The Nazi capital emerged rather differently in another festival a year later: the commemoration of the 700th anniversary of the founding of Berlin. The Hitlerites still had their doubts about their capital:
Slouching towards Germania
The Nazi leaders’ distaste for Berlin as it stood in the mid-1930s was reflected in their determination to physically transform the city into a capital worthy of the role they expected it to play in coming generations. Berlin was not the only German city earmarked for extensive renovation under the Nazis, but the reconstruction planned for the capital was more far-reaching than anywhere else, even Munich.

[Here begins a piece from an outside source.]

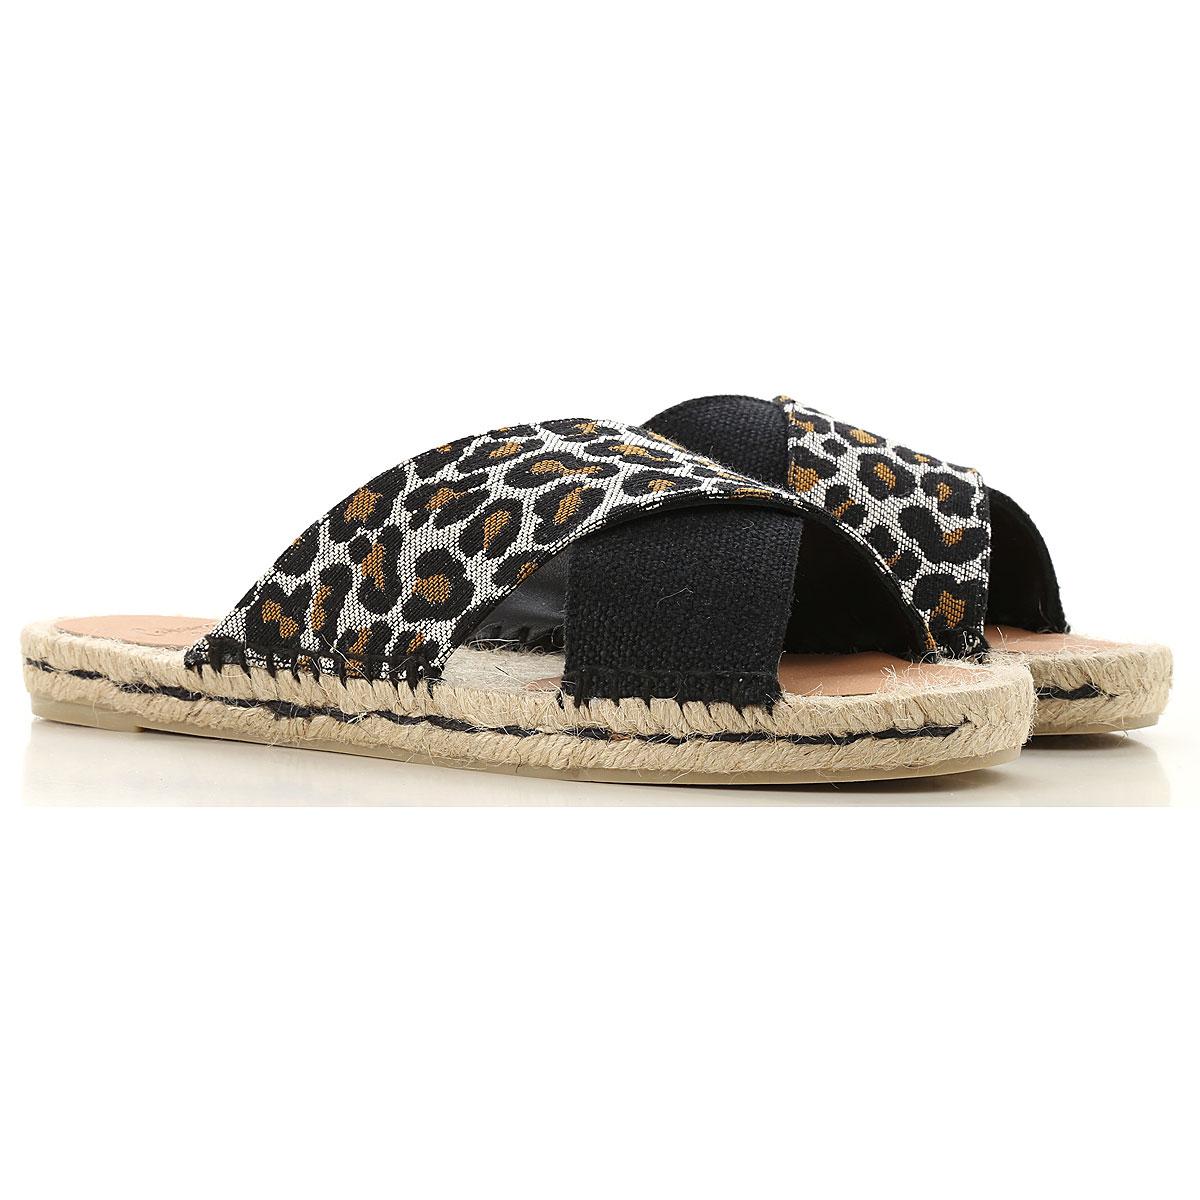 Castaner Sandals for Women On Sale in Outlet, Black, Canvas, 2019, 6

Of course, the aspiration to reinvent Berlin was nothing new—earlier national leaders had also sought to remake the city—but the Nazi concept was distinguished by a plan to replace the entire city center with a new political stage set of monumental proportions. Berlin would be reborn as “Germania”—the most grandiose capital in the world.
In addition to making Berlin grand, the Nazis saw their urban renewal of the capital as a means to combat their old enemies, the Socialists and Communists. They would “renew” the traditional Red neighborhoods by uprooting their inhabitants and scattering them to the margins of the city. As one party spokesman explained, this would effectively rid the inner city of “asocial and traitorous elements.”
Adolf Hitler, who had been fascinated with architecture since his days in Vienna, personally supervised the Nazi plan for Berlin’s urban renewal. On September 19, 1933, during a discussion of ways to improve communication between the northern and southern parts of the city, Hitler proposed a new north-south road to complement the east-west axis running through the Brandenburg Gate. He wanted to ensure that ongoing schemes for Berlin’s reconstruction were appropriate to “the creation of a capital city of hitherto undreamed-of display . . . [to the creation of] a sublime metropolis.”